Royal Photographic Society says award reflects the support and encouragement McCabe showed for aspiring photographers

A bursary focusing on the theme of sporting endeavour and designed to help talented young photographers has been launched in memory of the award-winning Guardian and Observer photographer Eamonn McCabe.

The bursary, established by the Royal Photographic Society (RPS), the Guardian and Observer and McCabe’s family will give £3,000 to a photographer aged 25 or under to produce a project.

The RPS described McCabe, who died in 2022, as one of the outstanding photographers of his generation. It said he had produced “a swathe of memorable images that defined their era”.

McCabe started his career as a sports photographer, worked as an educator and broadcaster and was the Guardian’s picture editor for 13 years.

He won picture editor of the year six times and sports photographer of the year four times. He also won news photographer of the year in 1985 for his images of the Heysel stadium disaster in Brussels.

In the 2000s he pivoted to portraiture, photographing key figures from Tony Blair to Iris Murdoch, and Lou Reed to Desmond Tutu. Many of his images are displayed in the National Portrait Gallery.

The bursary recognises McCabe’s commitment to supporting other photographers, including those just setting out on their careers, said his wife, Rebecca Smithers, a former Guardian journalist who is supporting the award along with Ben and Mabel McCabe.

“Eamonn was always generous with advice and practical help to up-and-coming young photographers, whether on assembling a portfolio, choosing the right course or trying to secure work experience,” Smithers said. “He knew from personal experience how tough it was for people starting out who did not have any contacts in the business.”

Tom Jenkins, an award-winning Guardian sports photographer and videographer, said the mentoring he received from McCabe had been invaluable.

“The photographic world owes Eamonn McCabe a huge debt. He was an inspiration to a whole generation in this country and abroad,” he said. “Countless young photographers like me were given a first break and encouraged into the profession by him. Not only has he left a legacy of incredible images but he has also generously ensured that photographers following on behind him are set up to succeed.”

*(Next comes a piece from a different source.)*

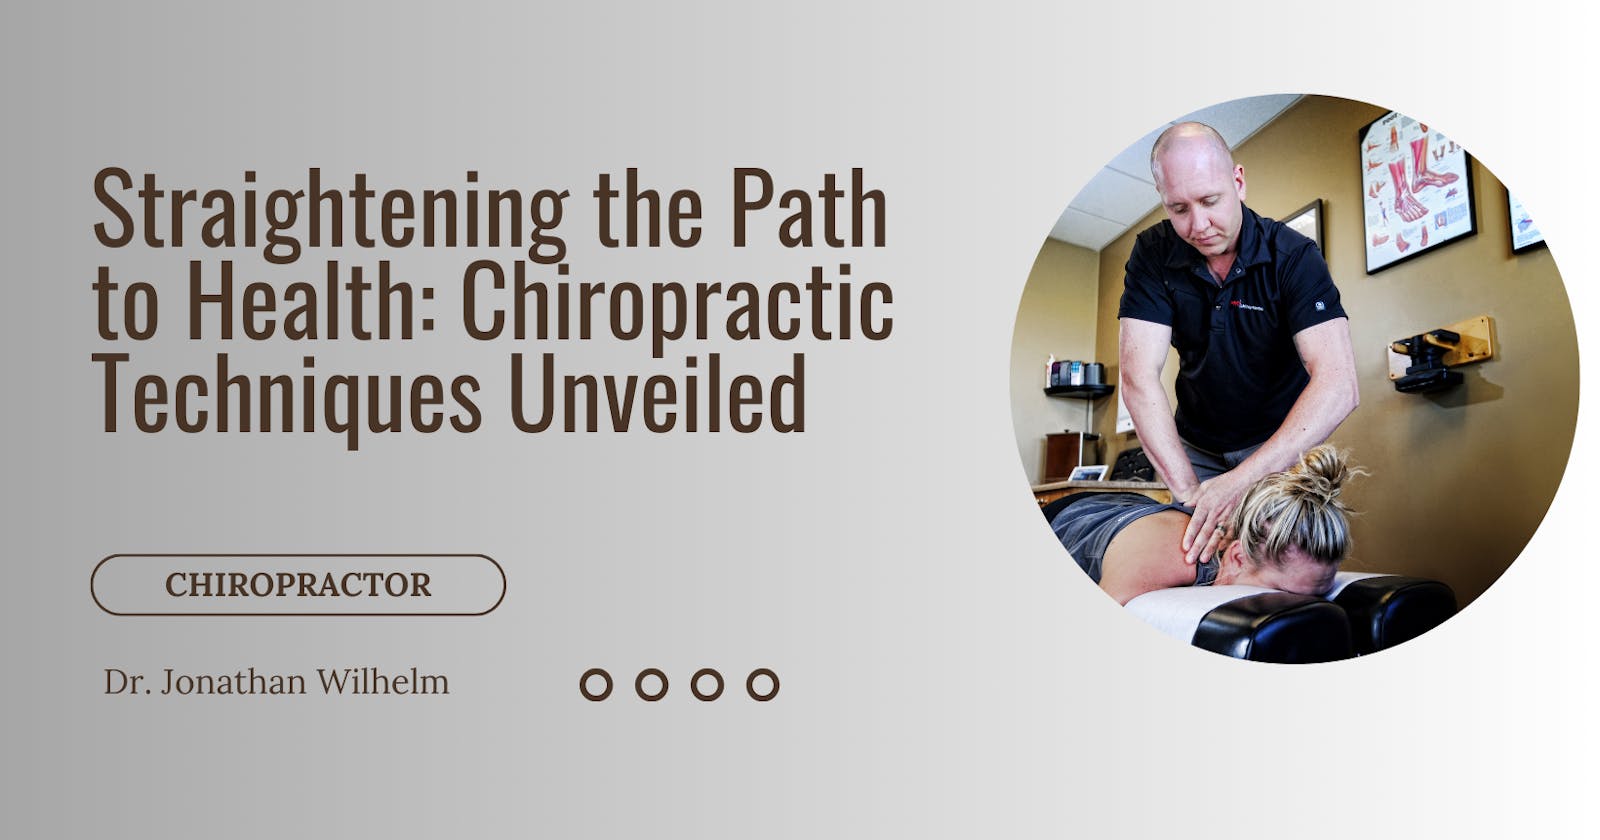 Jonathan Wilhelm | Straightening the Path to Health: Chiropractic Techniques Unveiled

Those wishing to apply for the bursary can do so online before the start of August, the RPS said. The theme can be “interpreted as widely as the applicant wishes” but their work should be new and suitable for publication, it said. The chosen project will be published by the Guardian and brought to a wider audience. The winner is expected to be announced before the end of September, with the project given 12 months for completion.

A spokesperson for the RPS said: “Eamonn was incredibly encouraging of aspiring photographers and this bursary will continue that by producing new and exciting photography into the future.”